Quickstart Tutorial
Build your first SFVoPI voice application in 10 minutes. This tutorial walks you through creating a simple echo server that receives calls, streams audio in real-time, and echoes back what the caller says with a delay.
By the end of this tutorial, you'll understand:
- How to set up a server with webhook endpoints
- How to handle real-time audio streaming over WebSocket
- How to make and receive phone calls programmatically
- How to process audio in real-time
A voice application that:
- Receives incoming calls on a VoIP number
- Streams audio bidirectionally over WebSocket
- Echoes back the caller's voice with a 500ms delay
- Logs call events (answered, ended)
Step 1: Prerequisites
Before you start, make sure you have:
API Key
You'll need a Superfone API key to use SFVoPI. Contact the Superfone team to get your API key.

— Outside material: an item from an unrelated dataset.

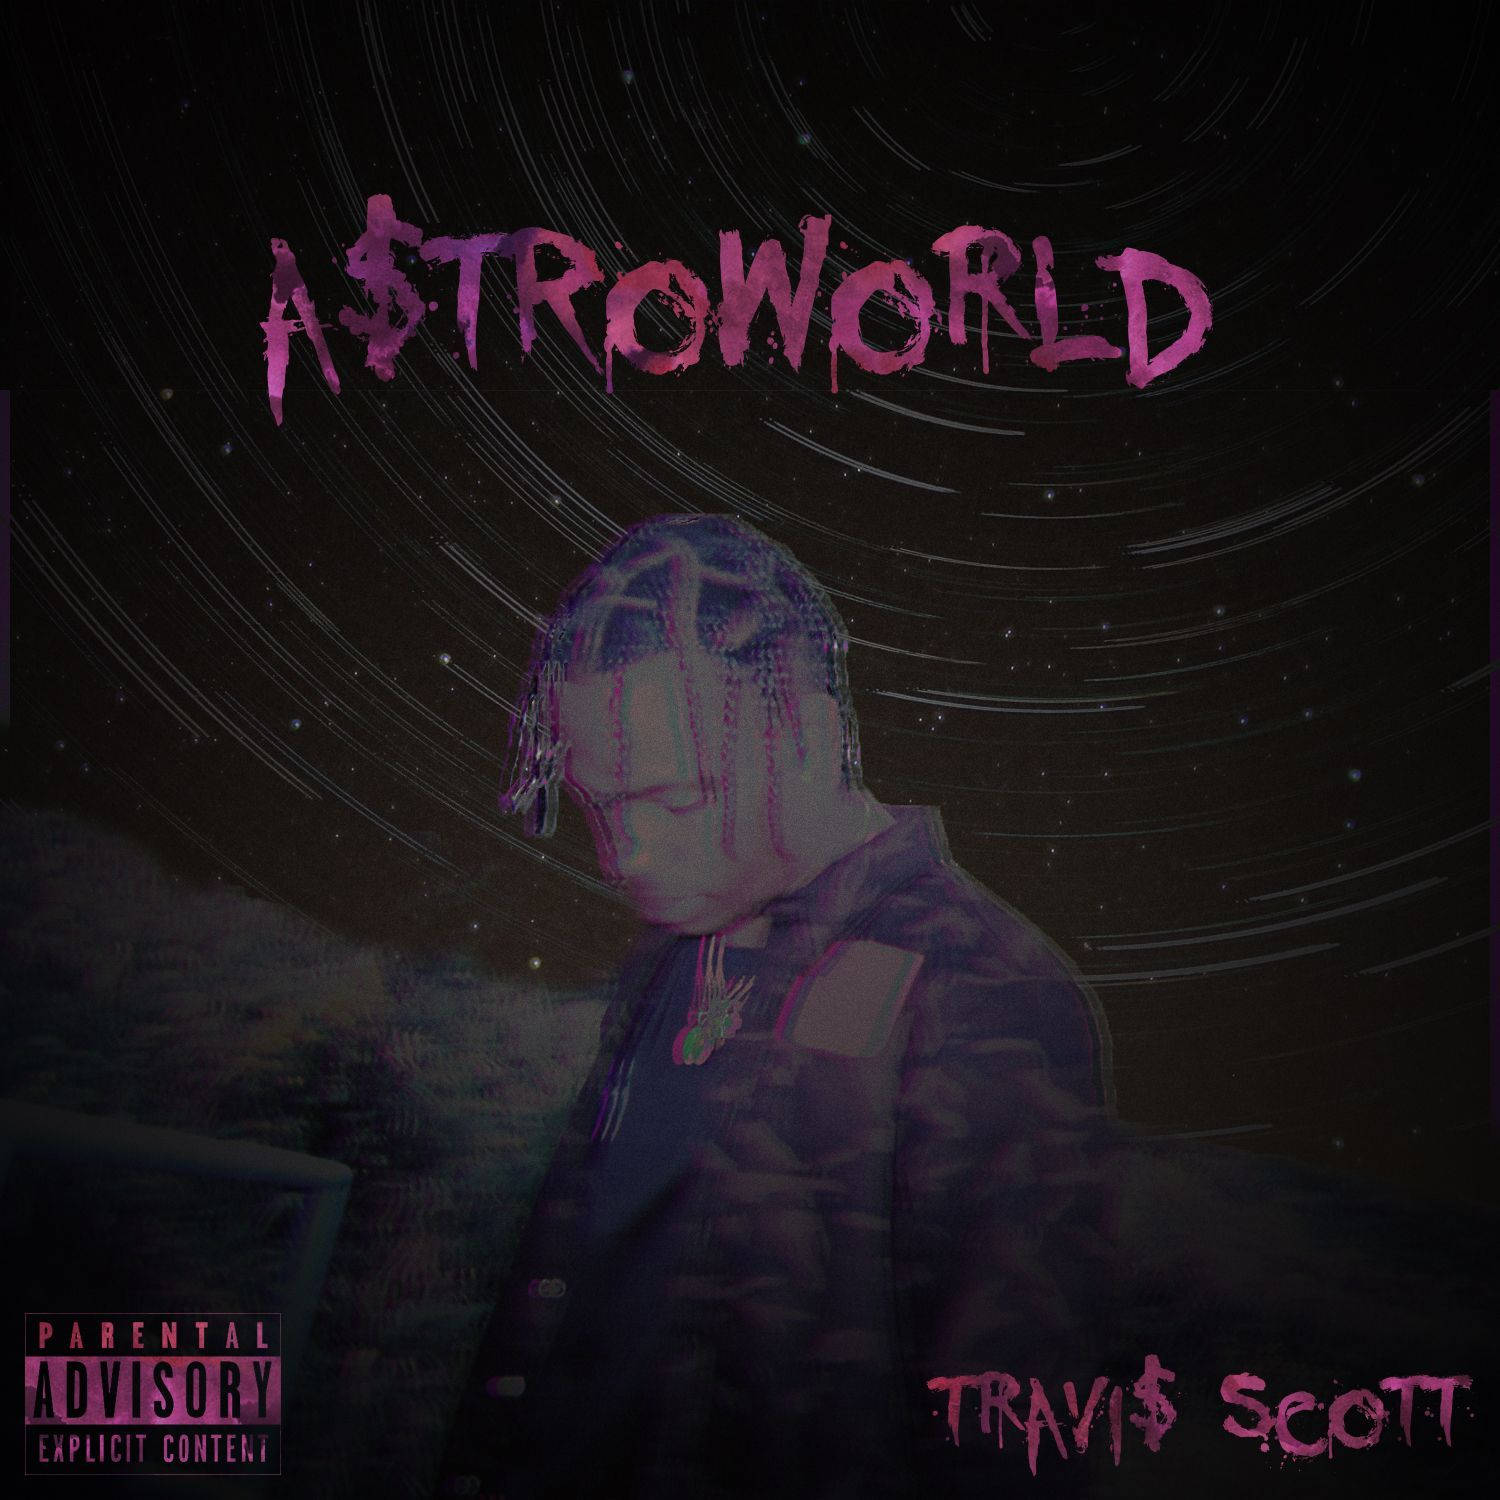 Aesthetic Art Astroworld Of Travis Scott
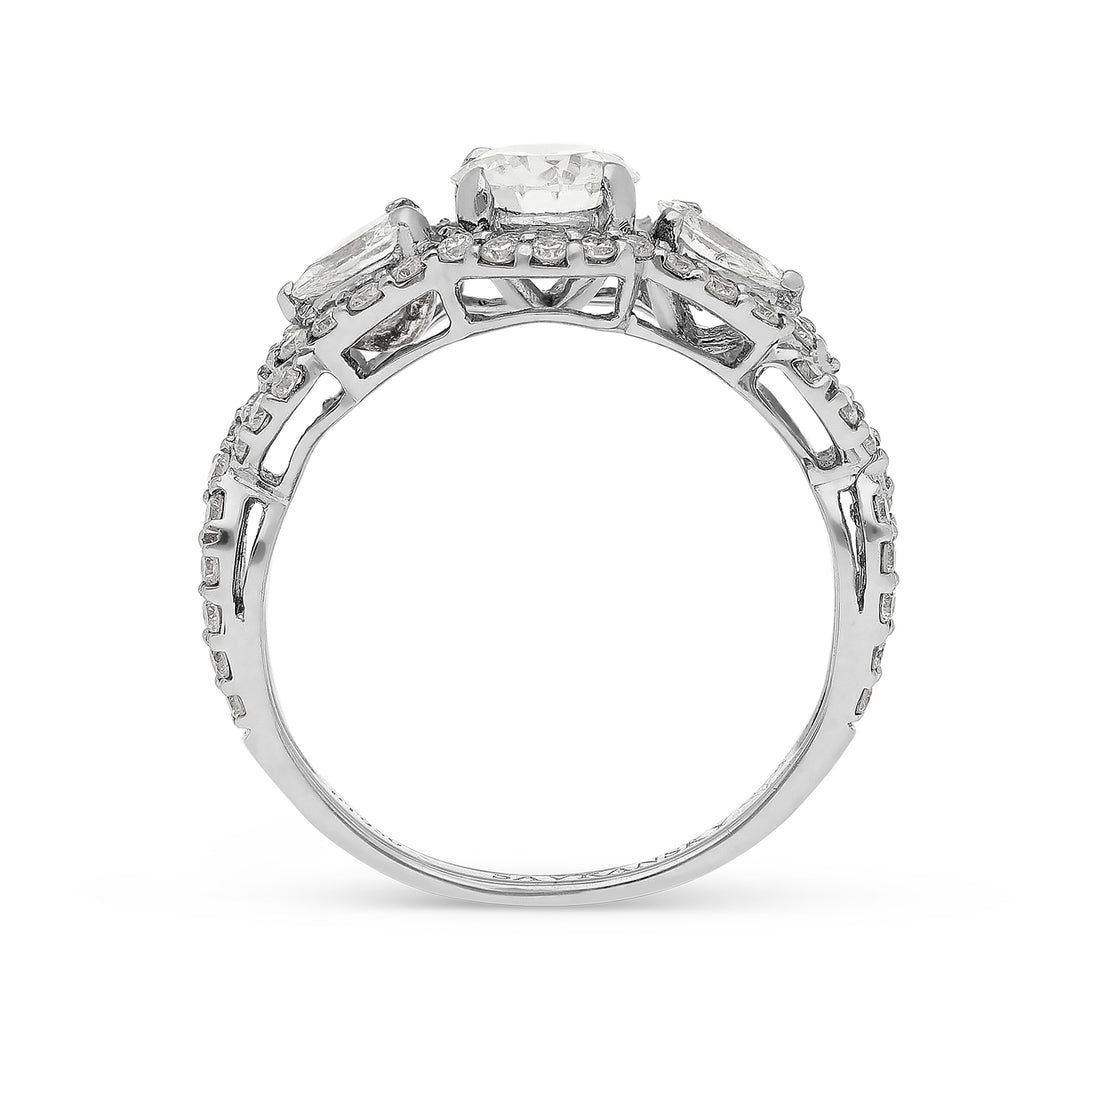 Art Deco Three Stone Diamond Engagement Ring in White Platinum - 2 Carat

Never commit your API key to version control or share it publicly. Store it in environment variables.
Node.js 18+
Check your Node.js version:
node --version
# Should output v18.0.0 or higher
If you don't have Node.js installed, download it from nodejs.org.
Public URL (ngrok)
Your server needs to be publicly accessible so Superfone can reach your webhooks and WebSocket endpoint. For local development, we'll use ngrok.
Install ngrok:
# macOS (Homebrew)
brew install ngrok
# Windows (Chocolatey)
choco install ngrok
# Linux (Snap)
snap install ngrok
# Or download from https://ngrok.com/download
Step 2: Create Your Project
Create a new directory and initialize a Node.js project:
mkdir my-sfvopi-app
cd my-sfvopi-app
npm init -y
Install dependencies:
npm install express ws dotenv
Create a .env file to store your configuration:
touch .env
Add your API key to .env:
SF_API_KEY=your_api_key_here
SF_API_BASE_URL=https://prod-api.superfone.co.in/superfone
PORT=3000
ECHO_DELAY_MS=500
The .env file stores sensitive configuration. Add it to .gitignore to prevent committing secrets.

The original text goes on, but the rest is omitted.